**The problem**: Nothing but the lines below from the one holding "2019 Ford F-150" up to and including the one holding "The Slide Schottische" should be copied, exactly and without pictures.

Supplied entries Start Marker

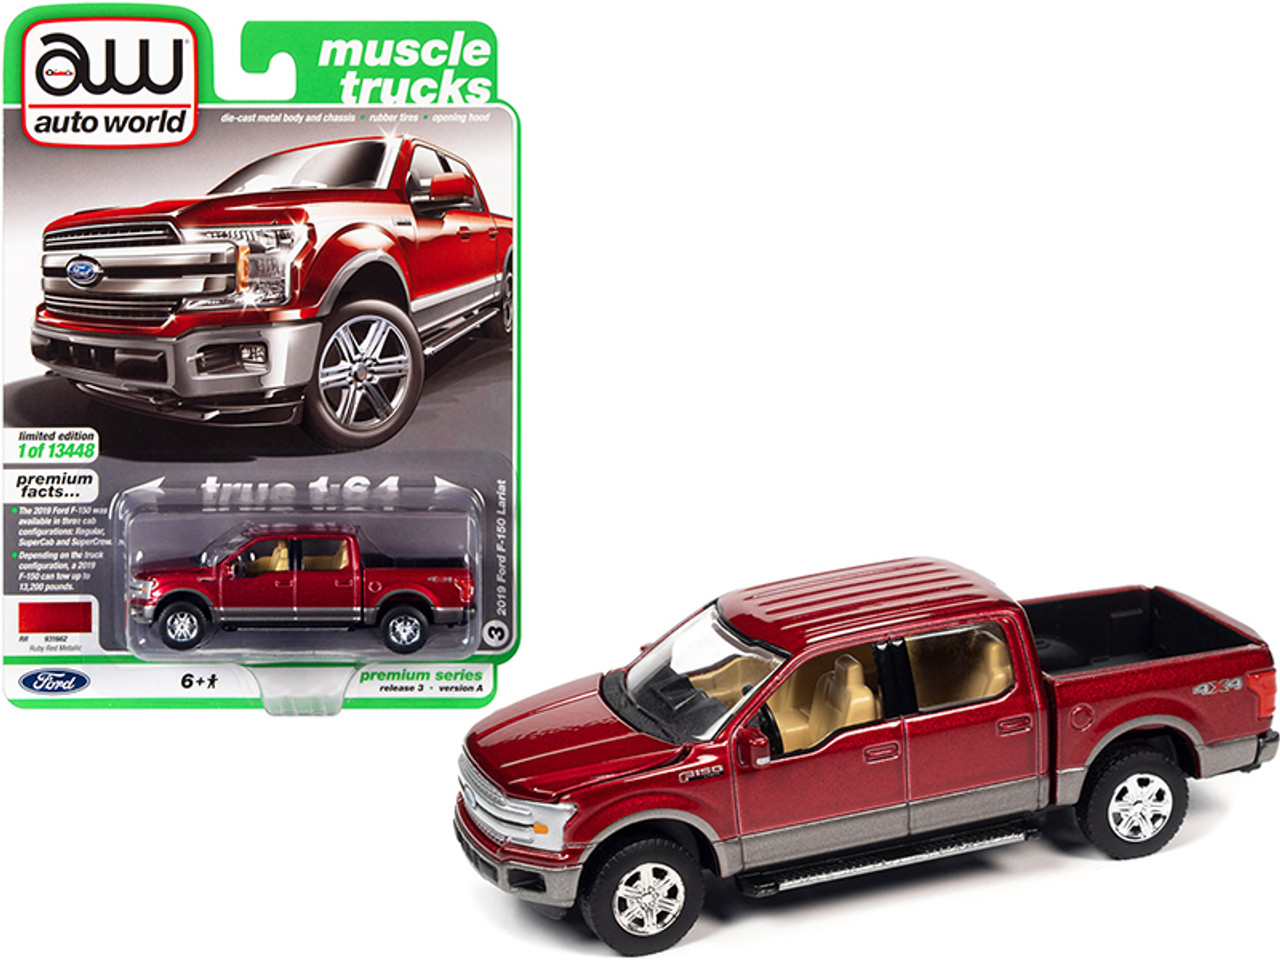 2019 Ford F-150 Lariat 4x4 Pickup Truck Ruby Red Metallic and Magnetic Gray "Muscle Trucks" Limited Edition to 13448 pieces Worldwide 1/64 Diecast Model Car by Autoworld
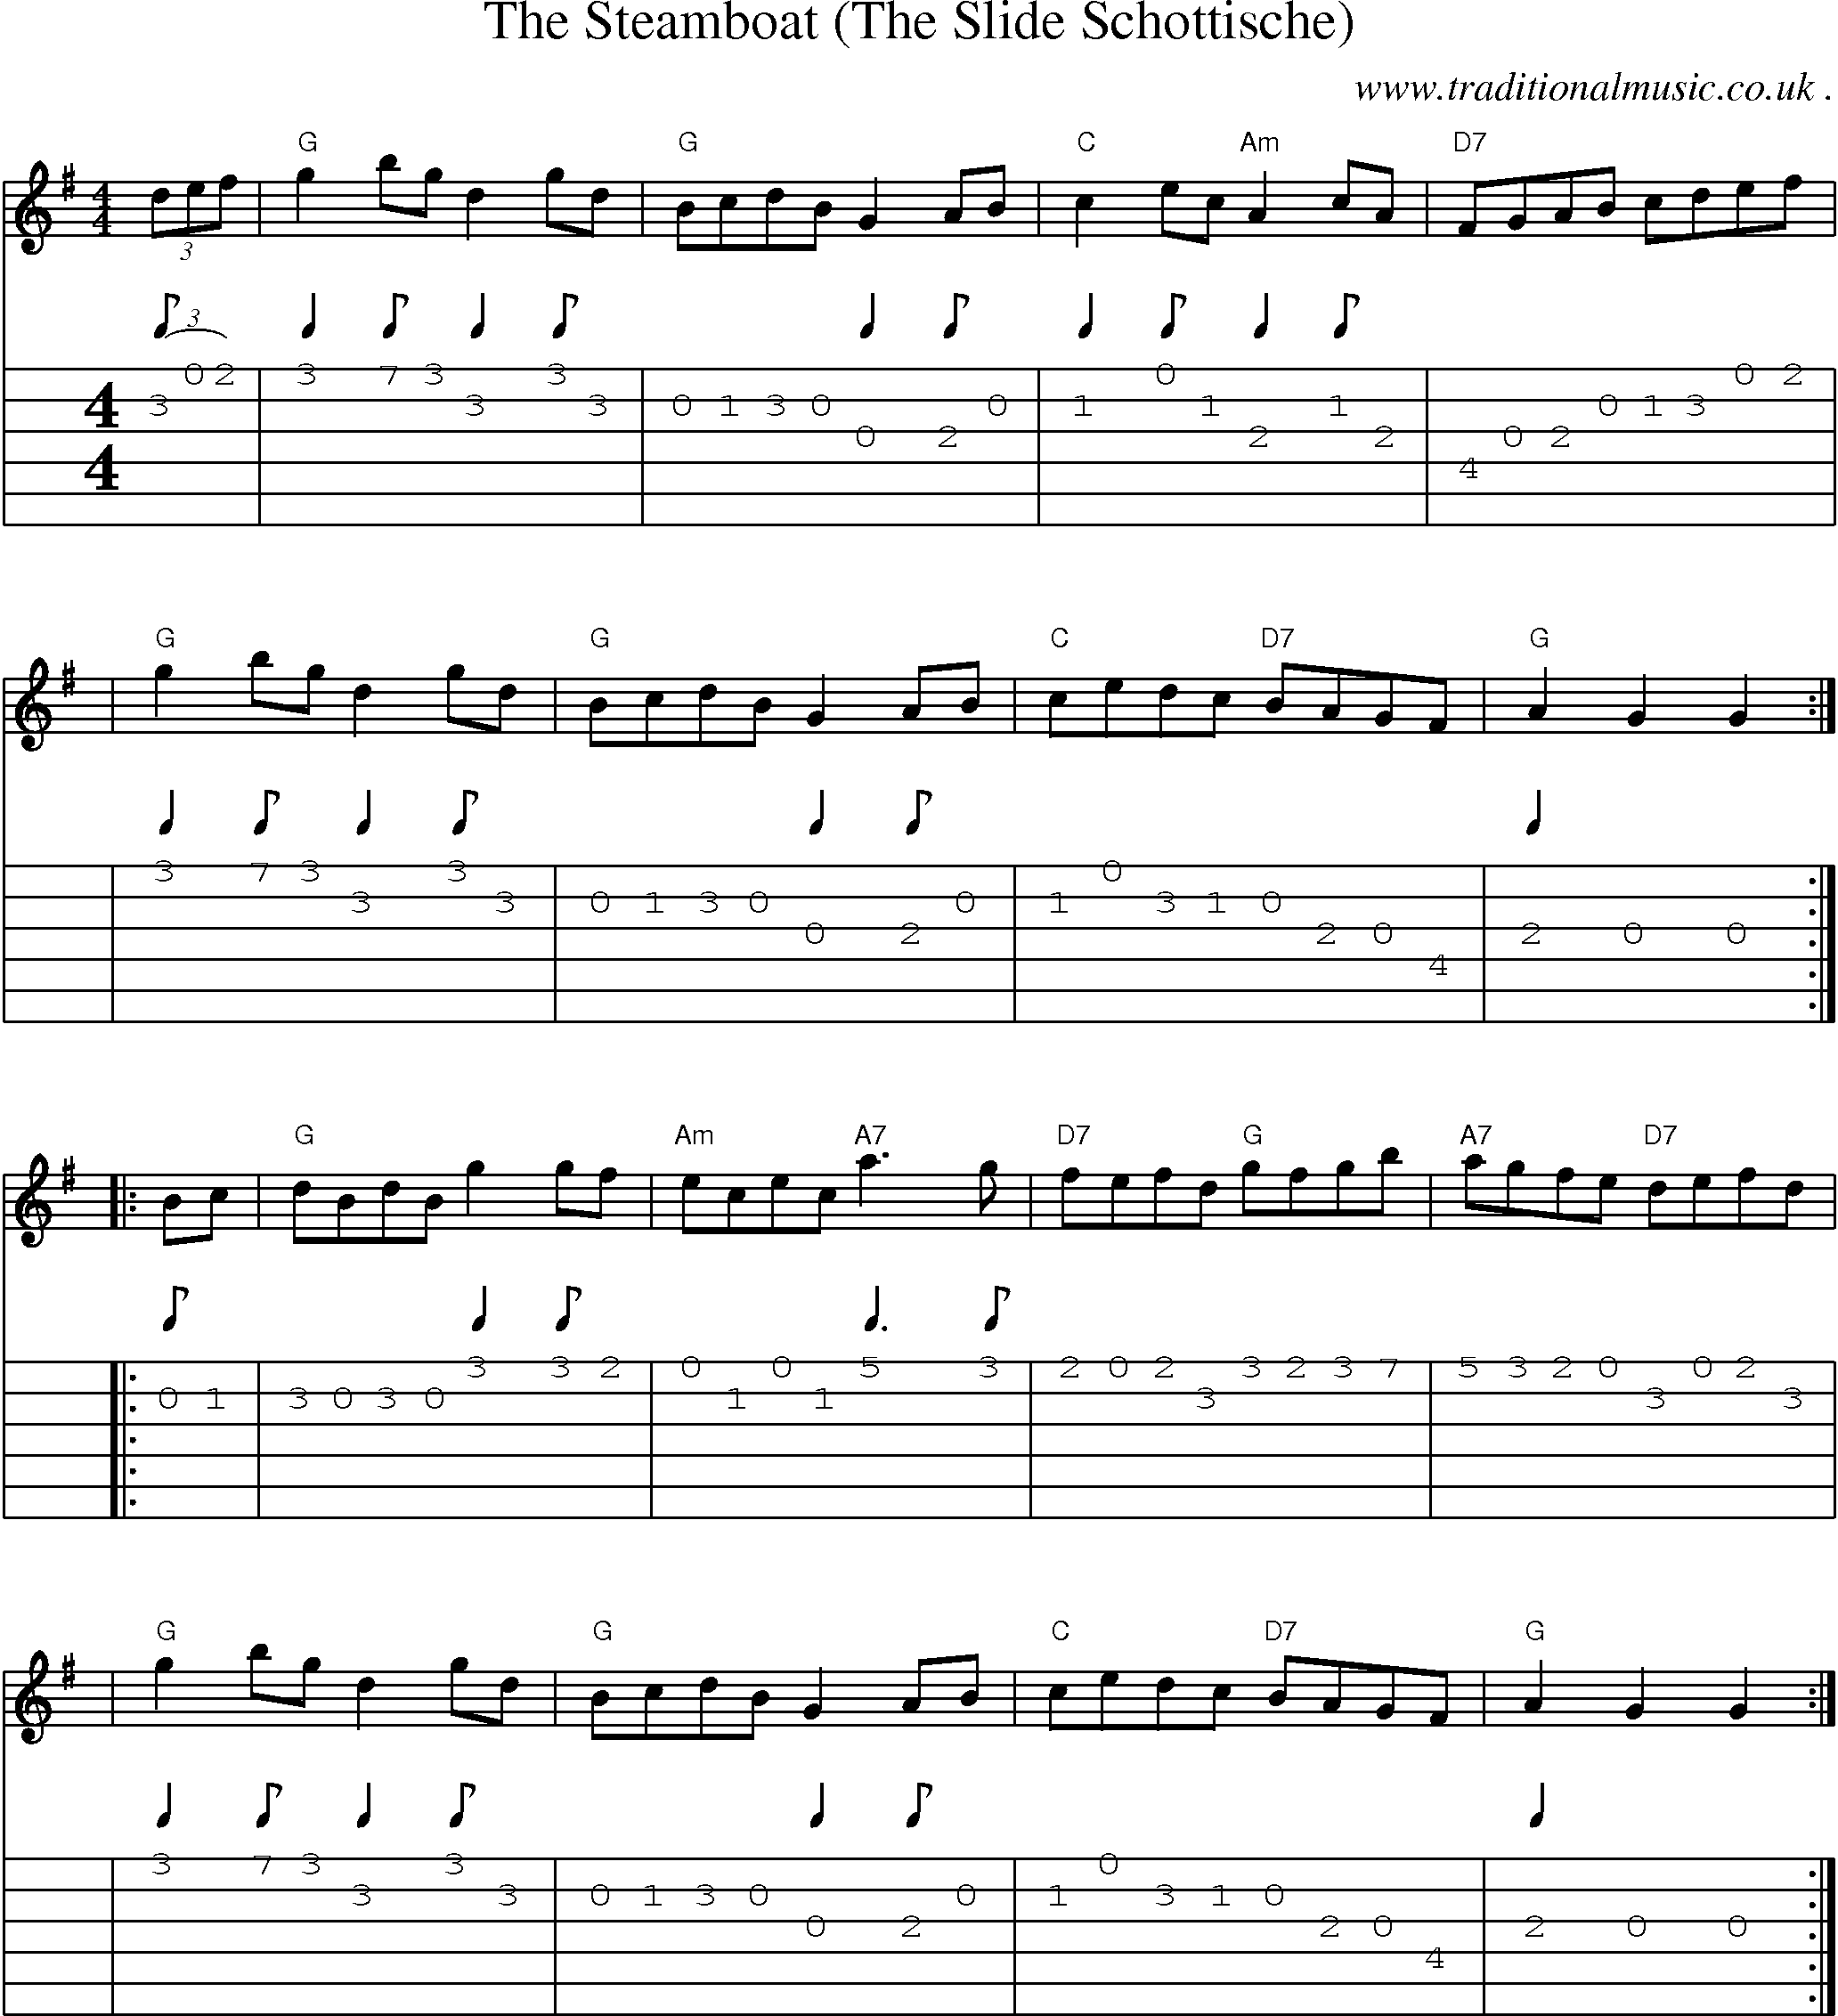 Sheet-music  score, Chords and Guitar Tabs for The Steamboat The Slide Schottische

Supplied entries End Marker
Supplied entries Start Marker

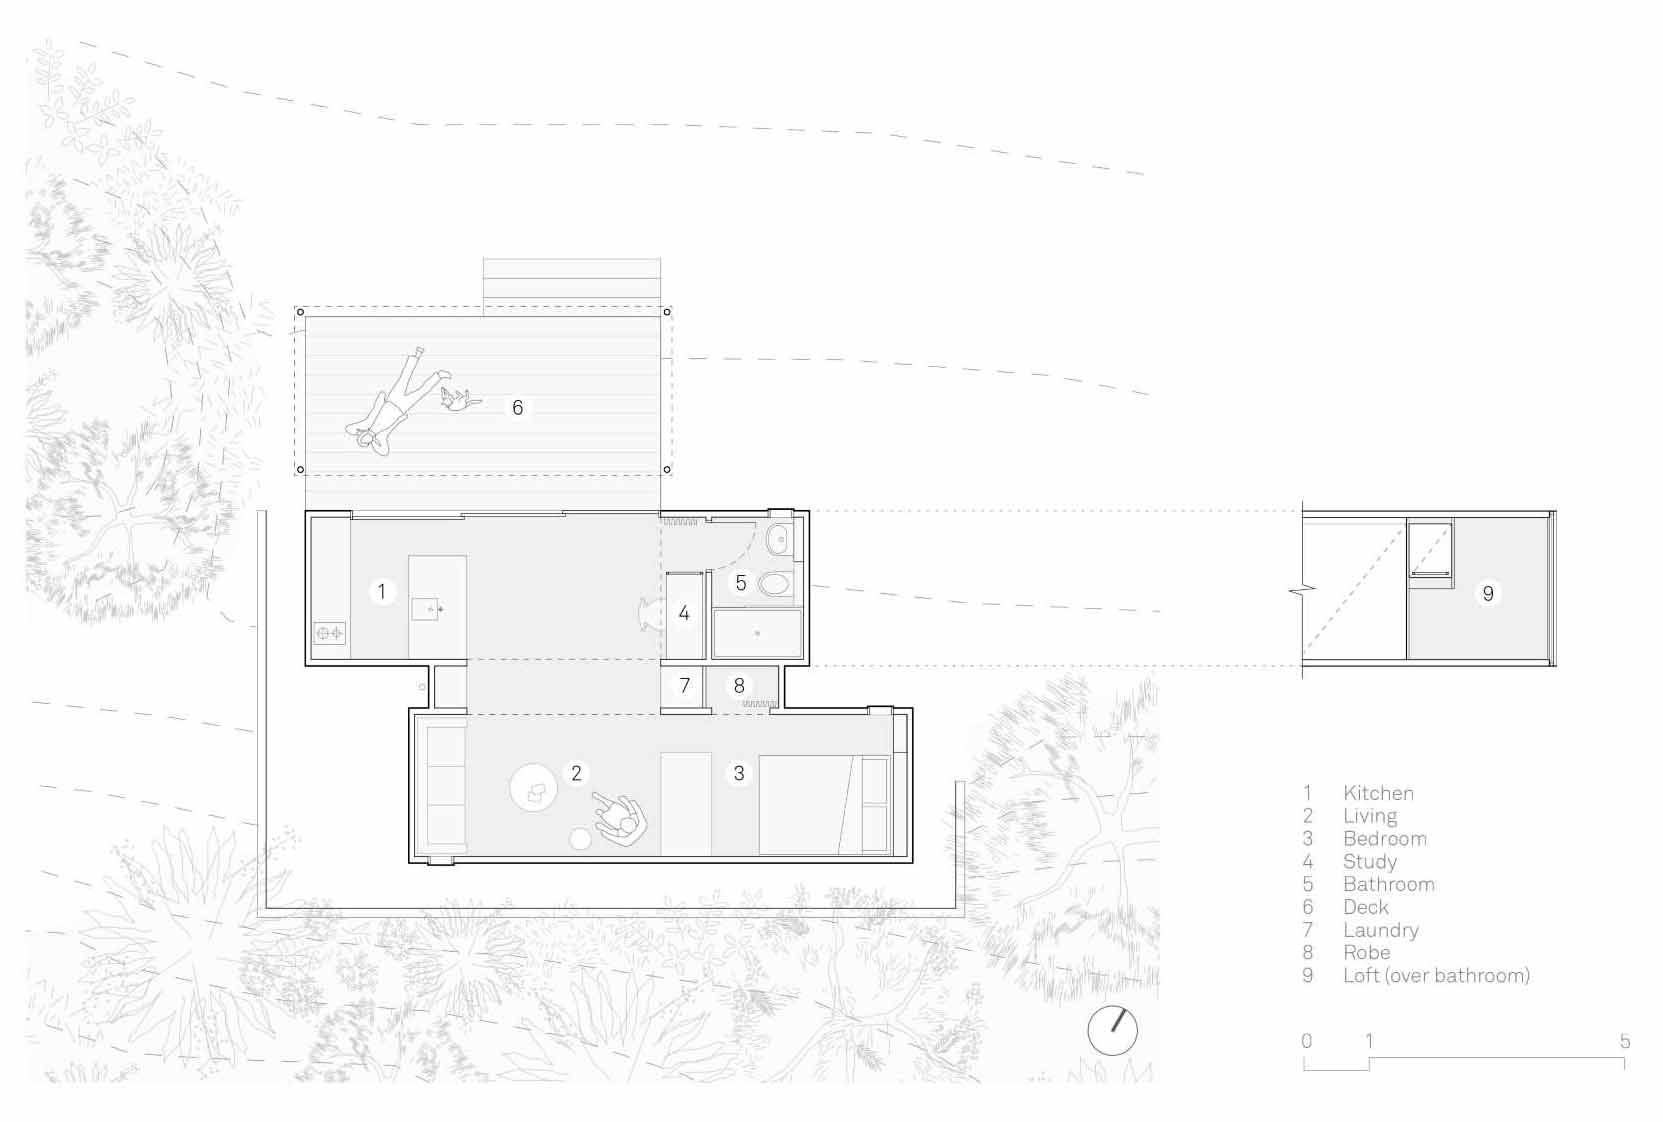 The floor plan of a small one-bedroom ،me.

Supplied entries End Marker

**Written reply**:
 2019 Ford F-150 Lariat 4x4 Pickup Truck Ruby Red Metallic and Magnetic Gray "Muscle Trucks" Limited Edition to 13448 pieces Worldwide 1/64 Diecast Model Car by Autoworld
 Sheet-music  score, Chords and Guitar Tabs for The Steamboat The Slide Schottische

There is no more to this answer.